After spending $$$'s throwing new parts at my series in an attempt to fix a similar problem... I cured it (mostly) with a $3.00 filter (sigh). Lesson learned...

Good luck!

stomper
08-06-2014, 10:40 AM
That is what the recommendations are for a webber idle screw. I can't confirm this for the Rochester. Careful reading things online, as there are people discussing solex, zienith, webber and rochester carbs. Make sure what you are reading is specific to the rochester.

I Leak Oil
08-06-2014, 11:23 AM
You can probably find a manual for your carb on line as well. That will explain exactly how to set it up.

darbsclt
08-06-2014, 11:30 AM
Thank you for the great advice!

... Is there a particular position you have found the air / fuel mixture screw works best in? I think I read a general carb blog online that said to turn the screw in until it is lightly snugged then unscrew 1.5 turns. Does that sound about right based on your experience?

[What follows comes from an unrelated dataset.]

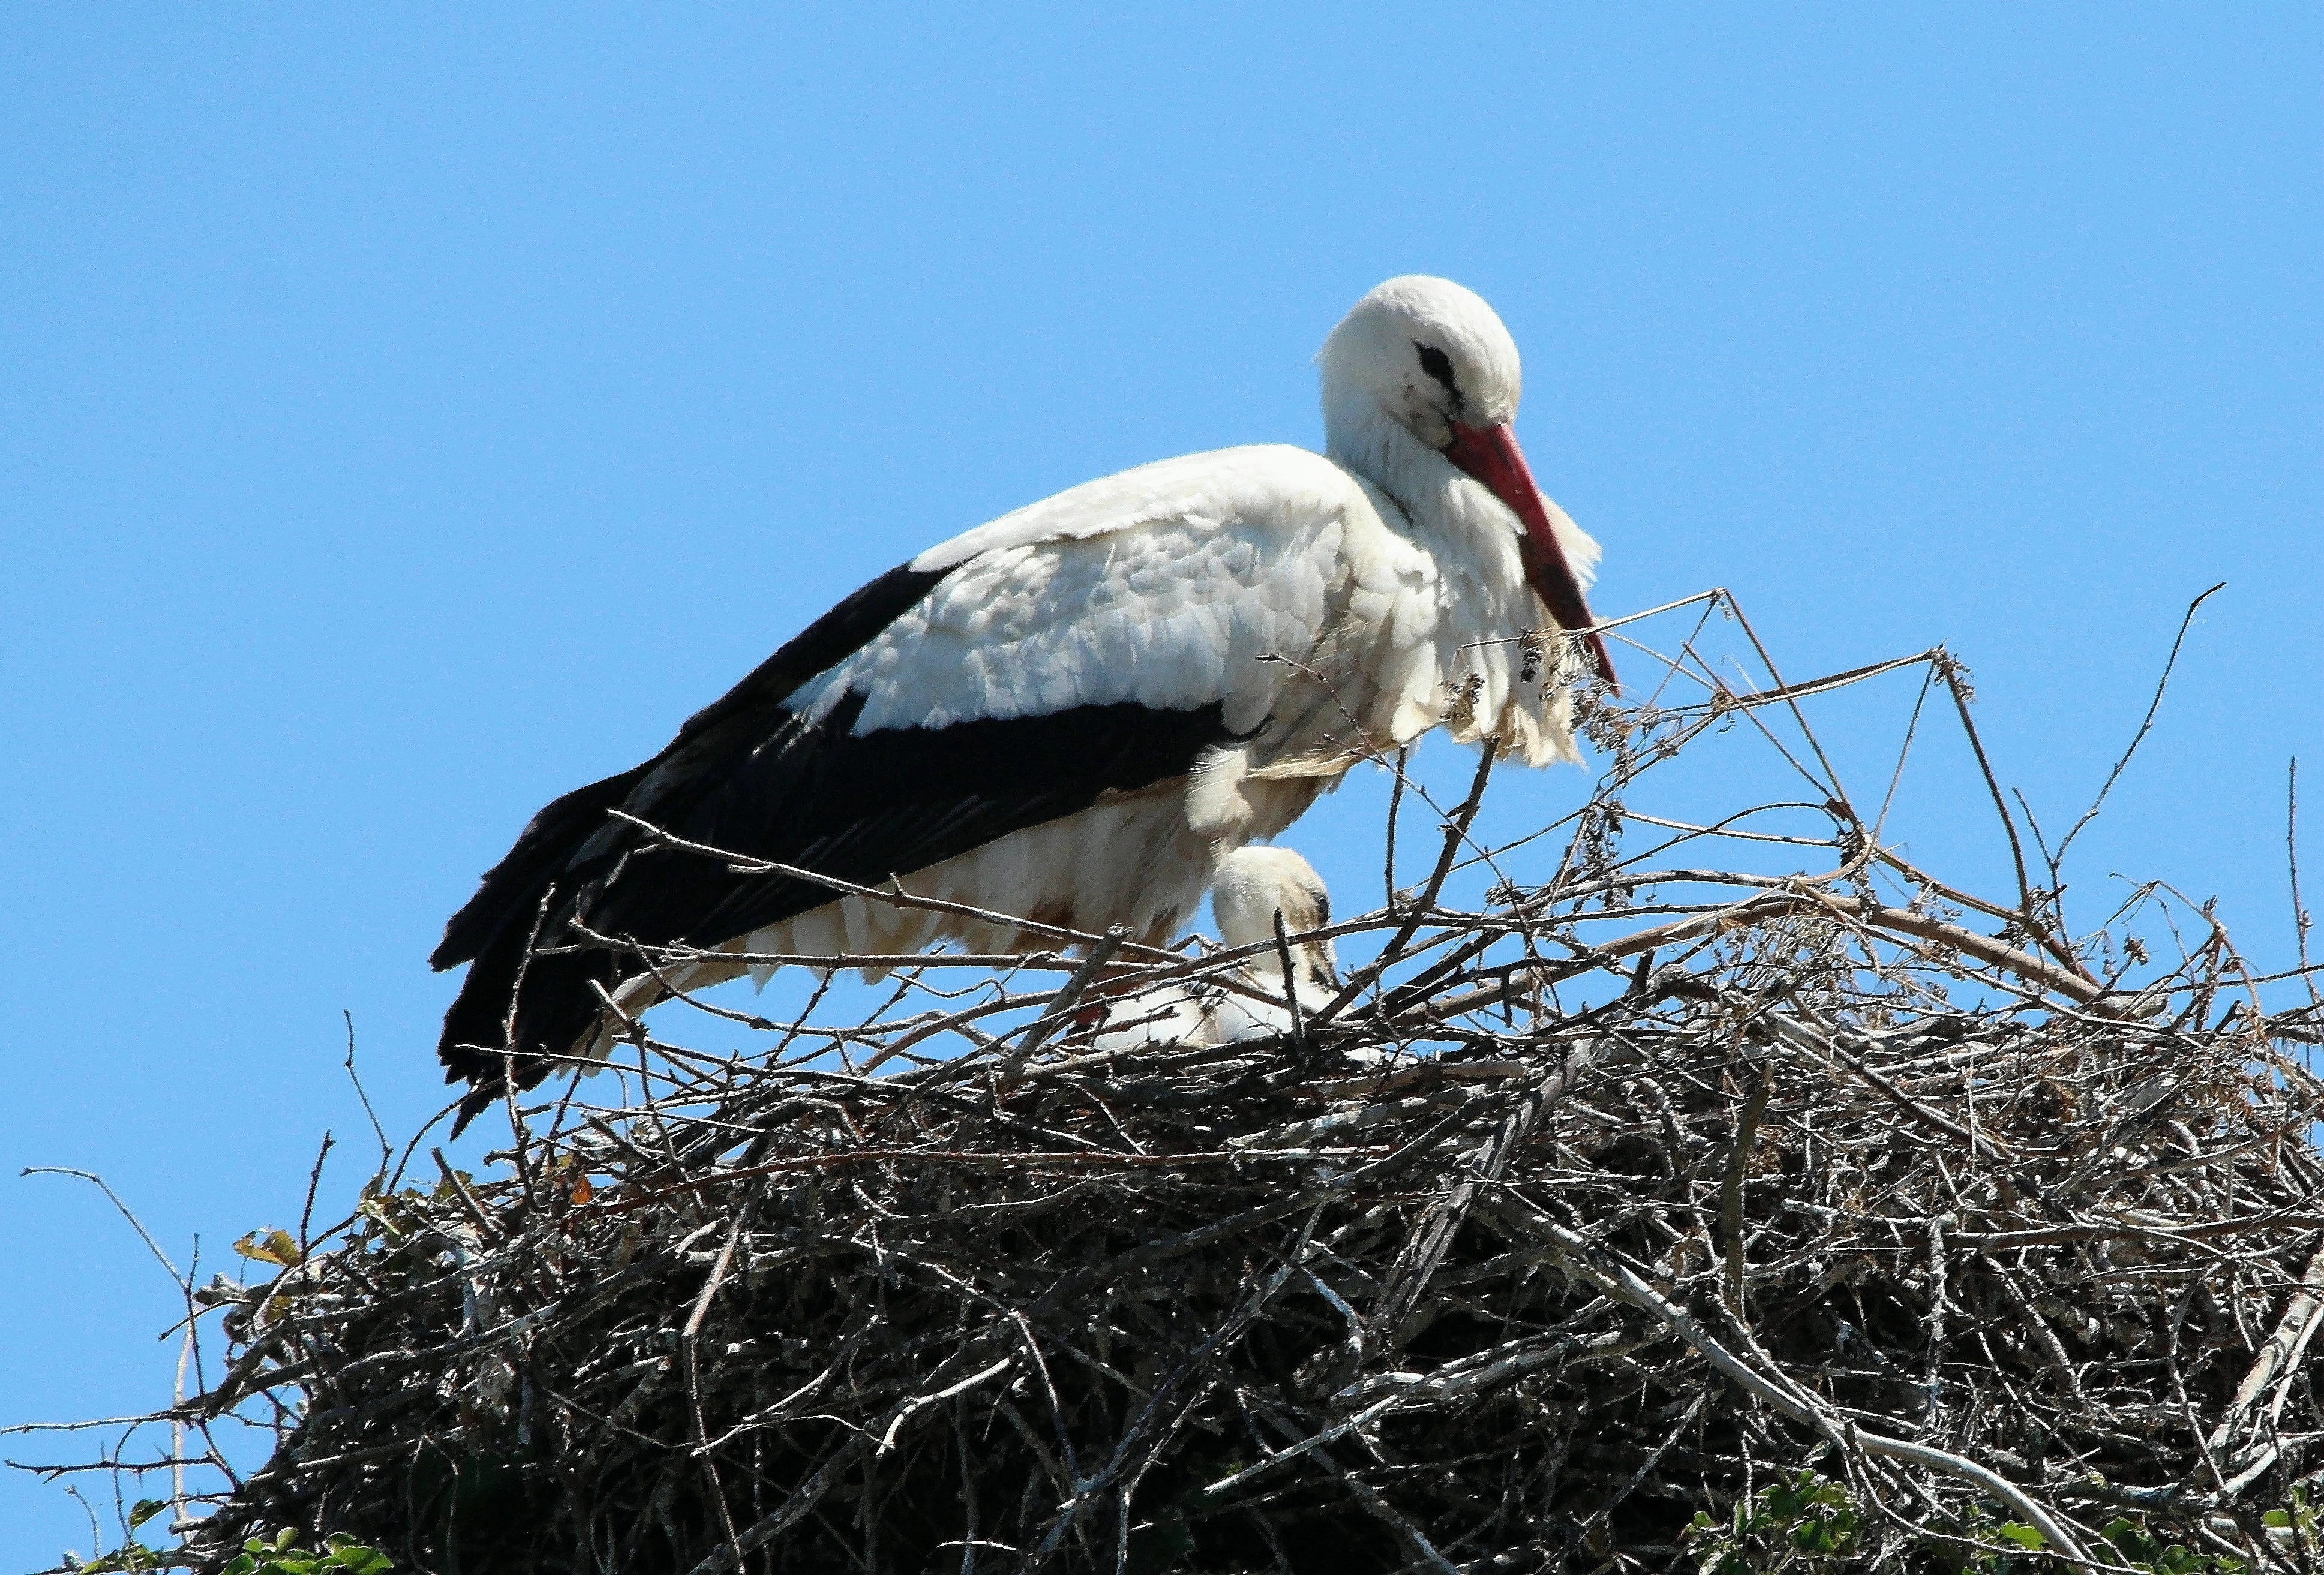 white and black long beak bird on nest during daytime

Thanks, although I have a Rochester fitted... my experience mucking about with it is limited. In short... it's always worked great (lousy milage... but that's another issue). When it came to fixing my "starved fuel" symptoms... I placed the carb last on my list; convinced that carbs (in general) are near-maigical devices, requiring much care & caution.

That said... I have collected an assortment of service manuals pertaining to the Rochester - in anticipation of needing to tear one apart someday. I just tried to attach one of the manuals (1.6mb pdf)... but it's too big for this forum. In any case, it confirms that 1.5 turns is the correct starting point.

If you would like me to send you a pdf service manual... reply (or PM) with an e-mail address.

Good luck!

SafeAirOne
08-06-2014, 03:18 PM
You can probably find a manual for your carb on line as well. That will explain exactly how to set it up.

Was about to suggest the same thing. I just perused the "Servicing GM Model "B" Carburetors" manual online. Very informative as to set-up.

If the OP needs directions to the online manual, just PM me and I'll point you in the right direction.